T.E.H., the company that owns Park Ridge and 2,400 other rental units around the greater St. Louis area has a poor history with building inspectors. The Post-Dispatch found the company has received dozens of citations for buildings in poor condition. 

“This is deplorable," Anita Waters, whose daughter lived in Park Ridge, said. "These people are human, and they deserve better than this.”

The leasing office will reportedly pay for boxes and other moving expenses incurred by the residents, many of whom are Section 8 recipients. The owners will also cover utility bill transfers but won't pro-rate any rent. Most of the residents are moving into another, nearby T.E.H.-owned property.

"I have a daughter that's getting ready to deliver next month, and this is kind of putting me in a jam," said Jennifer Water, who has lived in the apartment complex for five years. 

In news that has troubled many in Ferguson at large, the Ferguson-Florissant School District Board of Education has announced a decrease in the number of public schools serving the community, KMOV reports.

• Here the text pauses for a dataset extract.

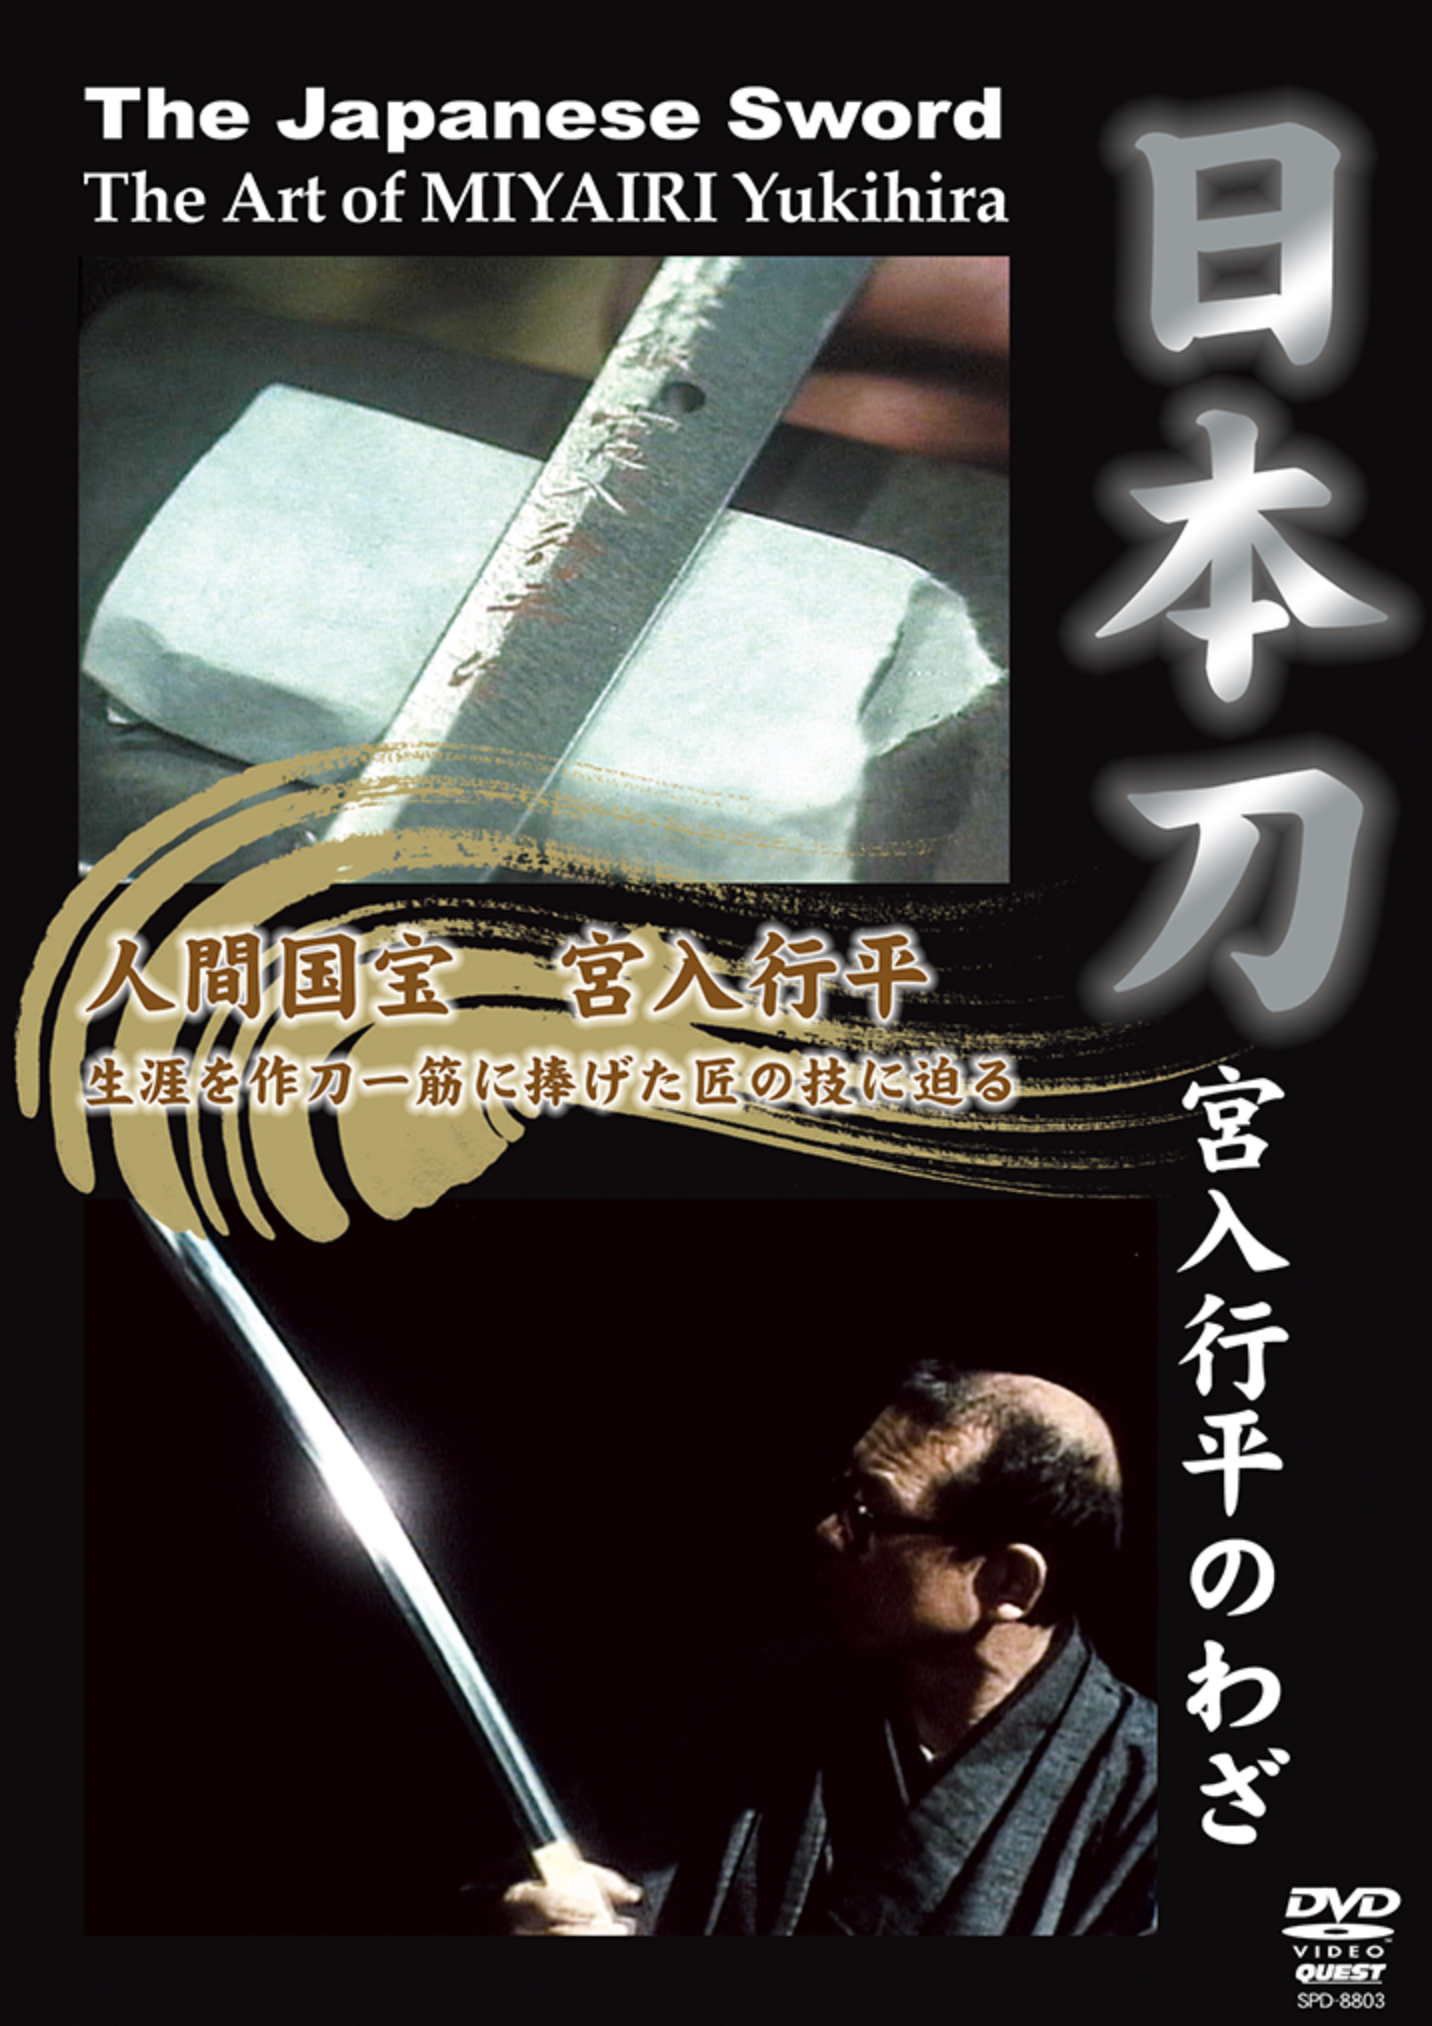 Japanese Sword: Art of Miyairi Yukihara DVD - Budovideos Inc

Following a contentious vote, there will be two rather than three public high schools, with McCluer South Berkeley being closed to the public and reopened as a selective enrollment STEAM school focusing on science, technology, engineering, the arts and mathematics.

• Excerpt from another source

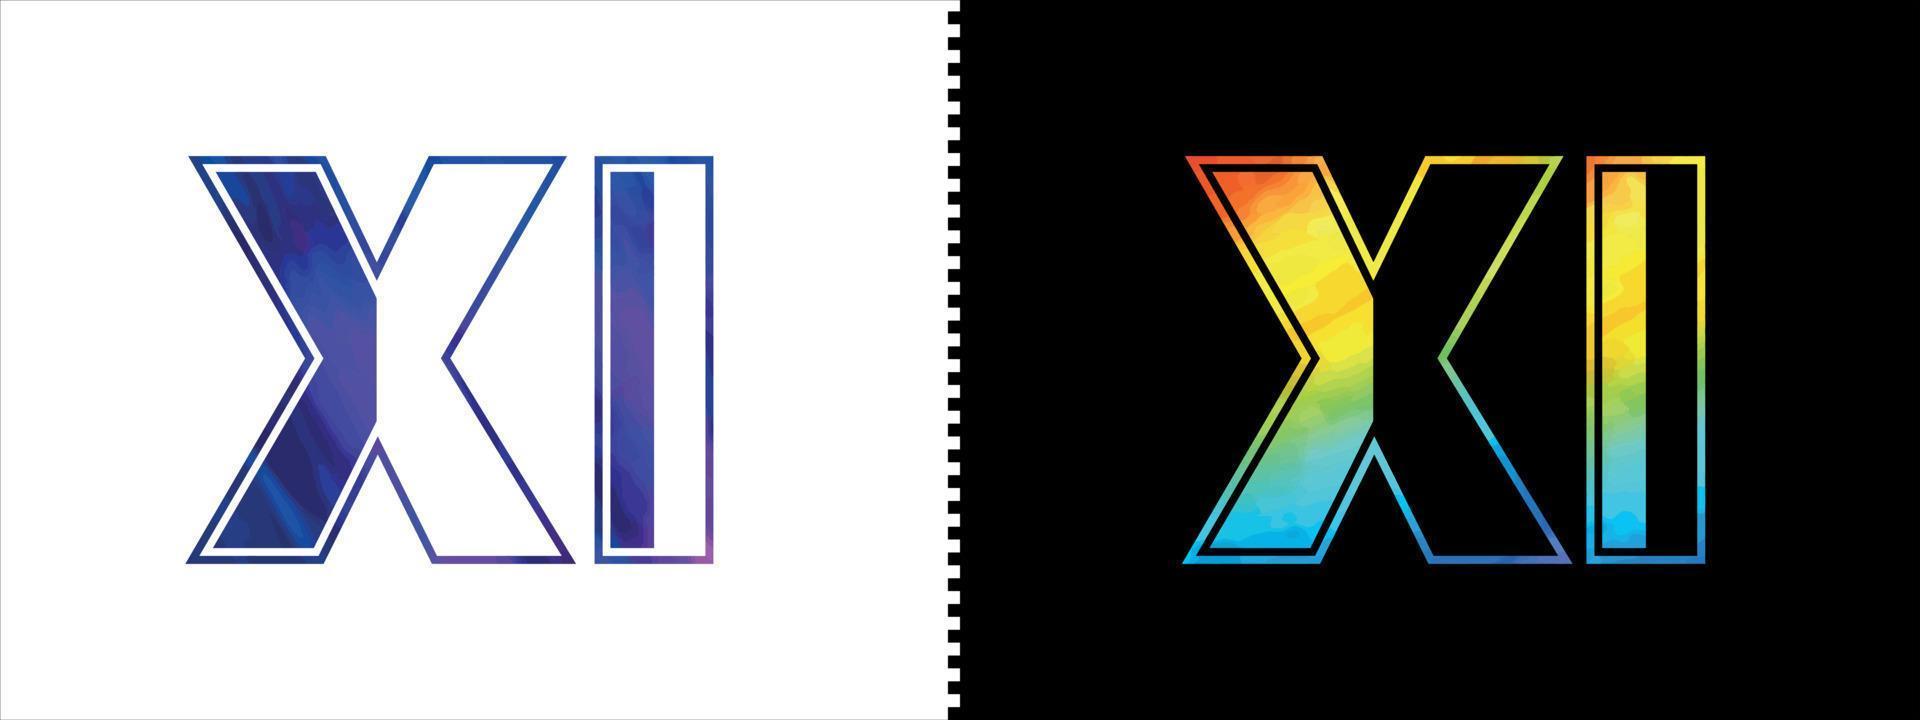 Unique XI letter logo Icon vector template. Premium stylish alphabet logo design for corporate business

“As president of the Board of Education I know we have been entrusted to raising the quality of education in our schools while being fiscally responsible stewards of your financial investment as taxpayers,” Dr. Courtney Graves said in a statement.

Many parents attending the vote weren't pleased. 

"This plan stands to take one more school from that community, or maybe two because they consider McCluer South Berekely as their school," parent Judy Ferguson Shaw told the Post-Dispatch. "But the plan says you’re going to take that school and give it to the STEAM school. They’re not happy about that.”

The vice president of the school board, Rob Chabot, however, said the move would help improve educational outcomes. 

"We are at a state of desperation to turn this district around,” Chabot said. “We’re the second-worst school district in this metro area… We can do better.”